June 22, 200717 yr hah, what the hell? "And it's cheap, too!" I am assuming that the previous theater did not have parking adjacent or near the building. Since this is in the Gateway complex, it has a nearby parking garage.
July 4, 200717 yr You heard it here first...there was a shooting July 4 at about 2am at the Gateway. From what I gather someone was shot in the main staircase of the parking garage. There were about 20 police cruisers there because they needed so many bodies to simply keep the public from walking into the parking garage from its various entry points as well as the center Gateway alleyway. I briefly walked into the garage past a snoozing officer but was shooed away before I could take any decent photos.

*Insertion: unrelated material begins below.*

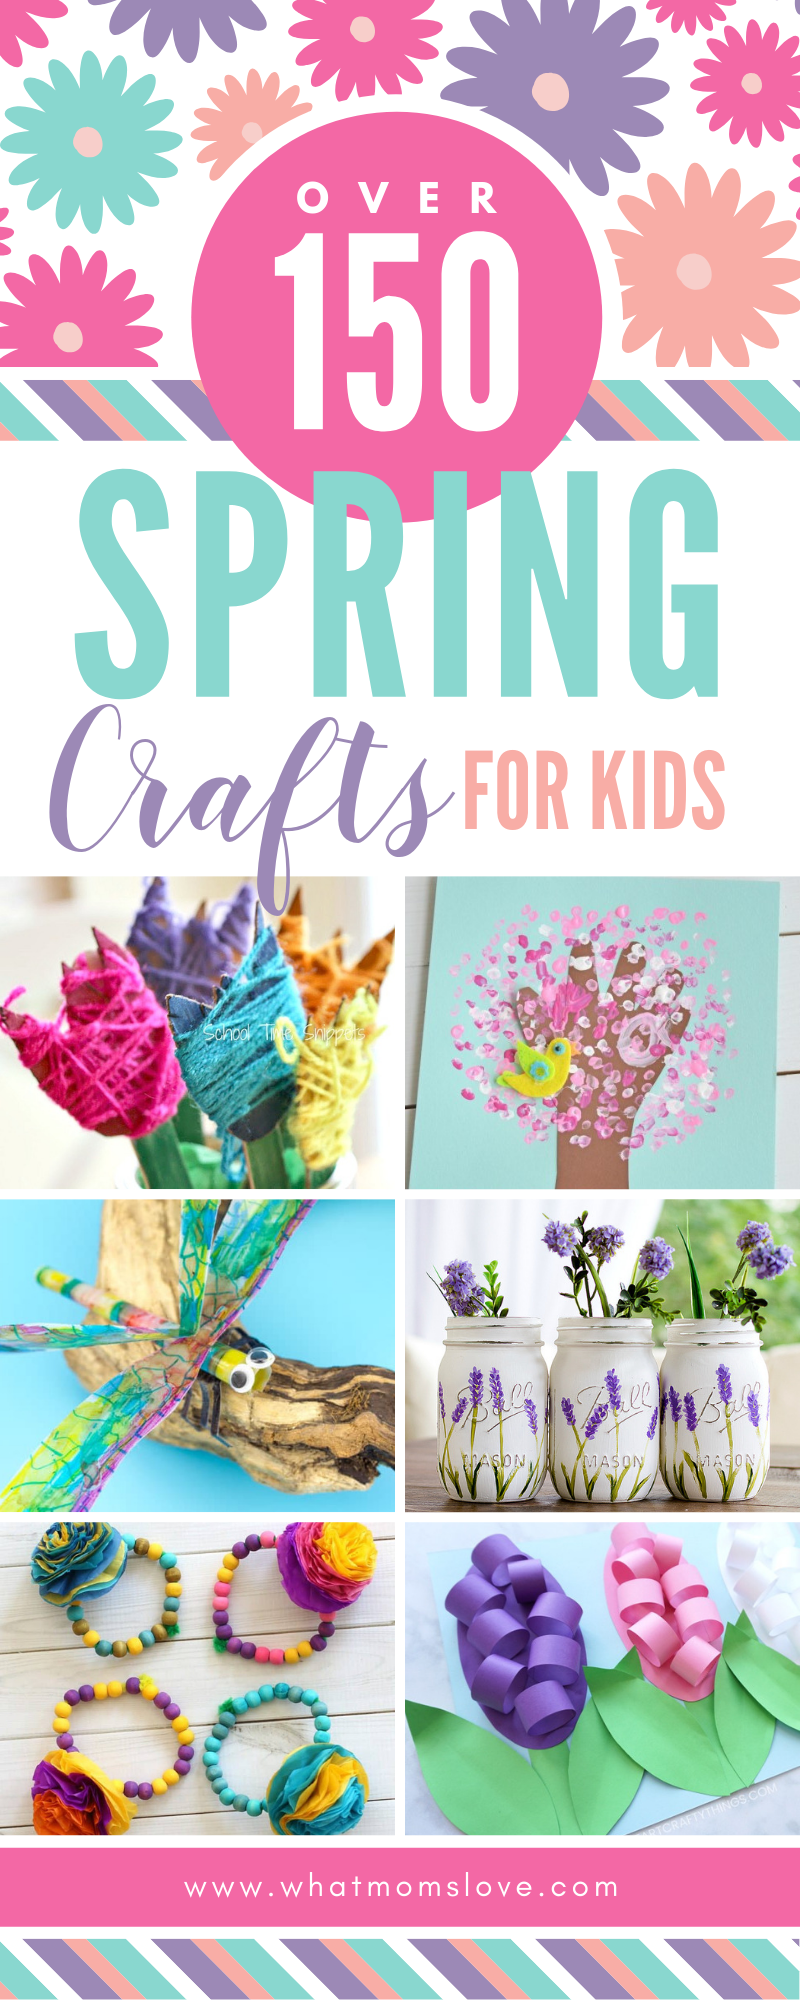 19 simple crafts kindergarten ideas

There were a few people being arrested and a lot of witnesses ordered to just sit around, probably at least 10.
July 4, 200717 yr You heard it here first...there was a shooting July 4 at about 2am at the Gateway. From what I gather someone was shot in the main staircase of the parking garage. There were about 20 police cruisers there because they needed so many bodies to simply keep the public from walking into the parking garage from its various entry points as well as the center Gateway alleyway. I briefly walked into the garage past a snoozing officer but was shooed away before I could take any decent photos. There were a few people being arrested and a lot of witnesses ordered to just sit around, probably at least 10. Well damnit...we might as well demolish the whole thing now.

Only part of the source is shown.